Anika Kinkhabwala of EpiBiome in the U.S. will exploit the development of resistance to bacteriophage by pathogenic bacteria to improve children's gut health. Bacteriophage recognize proteins and other molecules found on the surface of bacteria, which they use to infect and kill them. They will identify bacteriophage isolated from fecal and sewage samples that can target virulence structures on the surface of the pathogenic bacteria enterotoxigenic Escherichia coli (ETEC) and Shigella dysenteriae, which are common diarrhea-causing bacteria. Faced with such bacteriophage, pathogenic bacterial populations would become enriched with mutants that escaped phage infection by virtue of having lost these virulence factors, with resistant bacteria thereby less harmful to humans. They will characterize how these bacteria develop resistance to specific phage and build a cocktail of phage that target different bacterial virulence structures to further weaken pathogenic bacteria and help cure diarrheal disease.

CRISPR-Cas-Directed Bacteriophage Treatment of Enteropathogenic Escherichia coli (EPEC) Diarrhea

Haiqing Sheng, University of Idaho (Moscow, Idaho, United States)
Nov 1, 2015

Haiqing Sheng and collaborators Carolyn Bohach and Scott Minnich from the University of Idaho in the U.S. will exploit the CRISPR-Cas9 (Clustered Regularly Interspaced Short Palindromic Repeats and CRISPR-associated protein 9) system in a dual approach to combat enteropathogenic Escherichia coli (EPEC) infections. EPEC cause diarrhea and result in several hundred thousand infant deaths annually. They will engineer a CRISPR-Cas9 cassette to recognize and cleave a DNA sequence found specifically in EPEC, which will lead to selective EPEC cell death in the intestinal tract without affecting other beneficial bacteria. The engineered CRISPR-Cas9 will be administered using both safe EPEC-targeting viruses (bacteriophage) to treat primary infections as well as probiotic E.coli to stably establish the EPEC-targeting plasmid in the gut and block re-infection. They will test it using an established rabbit model of EPEC infection, which will pave the way for future clinical testing.

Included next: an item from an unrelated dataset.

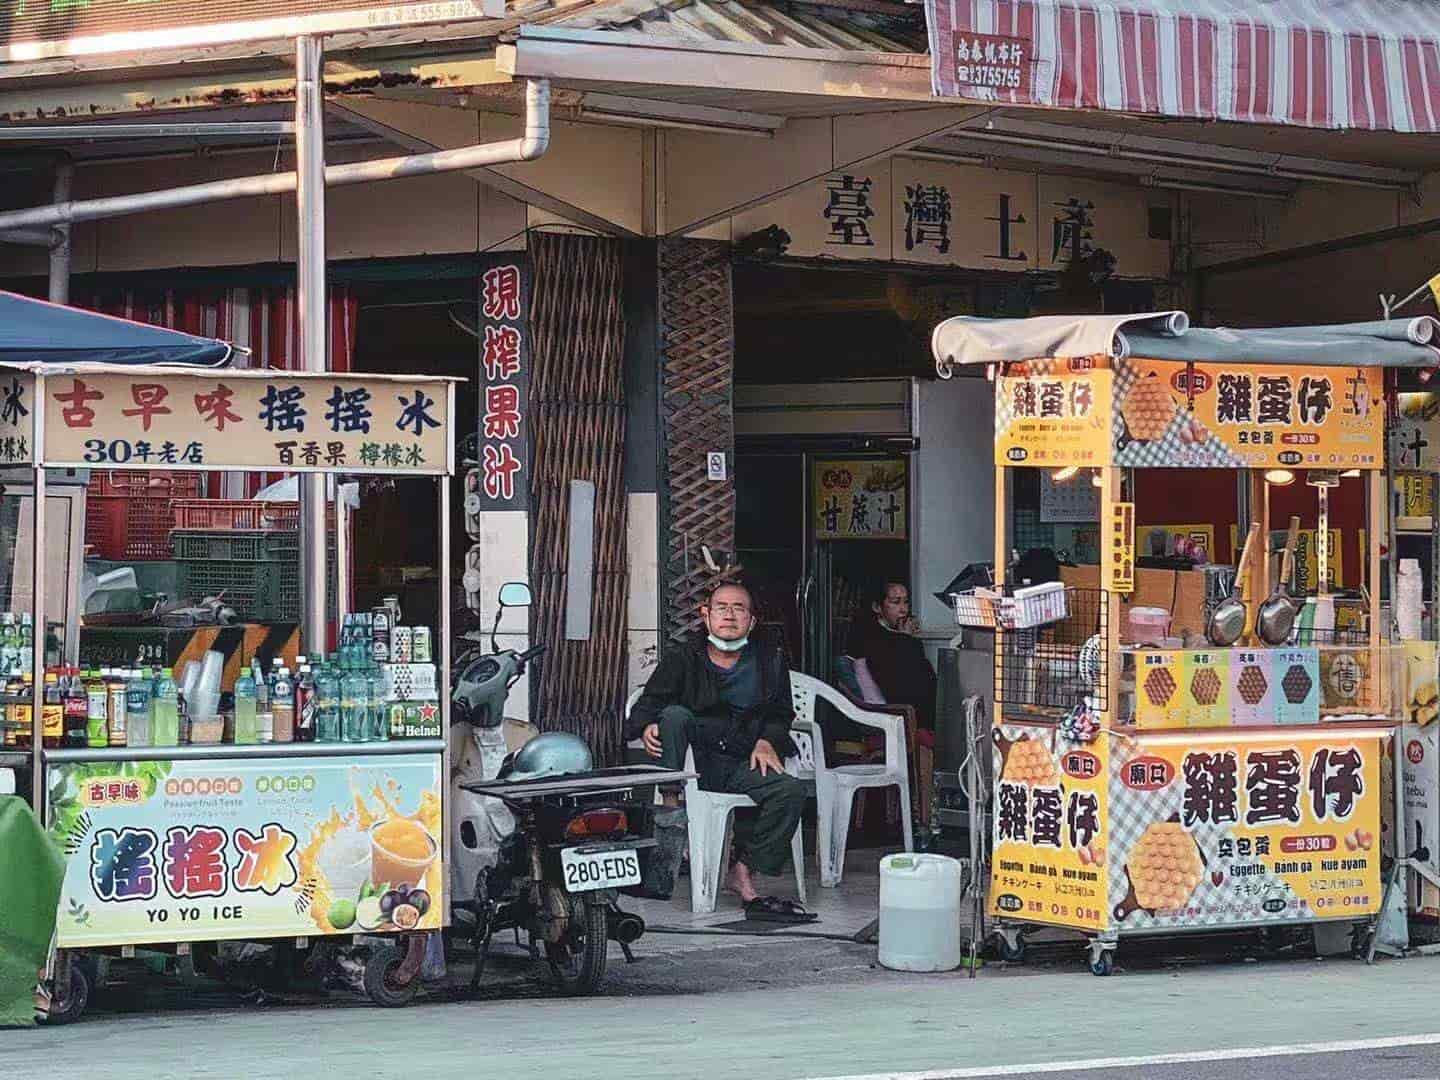 A far view of a middle aged man sitting in front of an old store

Cow-Baited Tents as a Monitoring and Intervention Tool

Brandyce St. Laurent, National Institutes of Health (Bethesda, Maryland, United States)
Nov 1, 2015

Brandyce St. Laurent of the National Institutes of Health in the U.S. will test whether cow-baited tents can be used to monitor and control disease-causing mosquitoes in the Greater Mekong Subregion. Most Anopheles mosquitoes preferentially bite animals, but they still contribute to malaria transmission in humans, and many bite outdoors, rendering bednets and indoor repellants useless against them. They will produce low-cost tents treated with insecticide, and locally rent cows as bait. The tents will be set up in both villages and forests and the captured mosquitoes will be analyzed to evaluate the efficacy of their approach.

Color-Changing Nanoparticulate Transdermal Patches

Rinti Banerjee, Indian Institute of Technology Bombay (Mumbai, Maharashtra, India)
May 1, 2015

Rinti Banerjee of IIT Bombay in India will develop skin patches for safer and more effective dosing of the antibiotic amoxicillin in children with pneumonia in developing countries. Amoxicillin is usually provided as a tablet or powder that requires multiple doses per day, which, along with the bitter taste, is off-putting for children. They will develop amoxicillin-enclosed lipid nanoparticles that mimic the outer surface of the skin, and optimize their size and ability to encapsulate the drug. These nanoparticles will be added to multilayered transdermal patches that allow the continued release of amoxicillin through the skin, and contain a dye that indicates when the patch needs changing. The patches will be first evaluated on pigs' skin, and in mice and rats.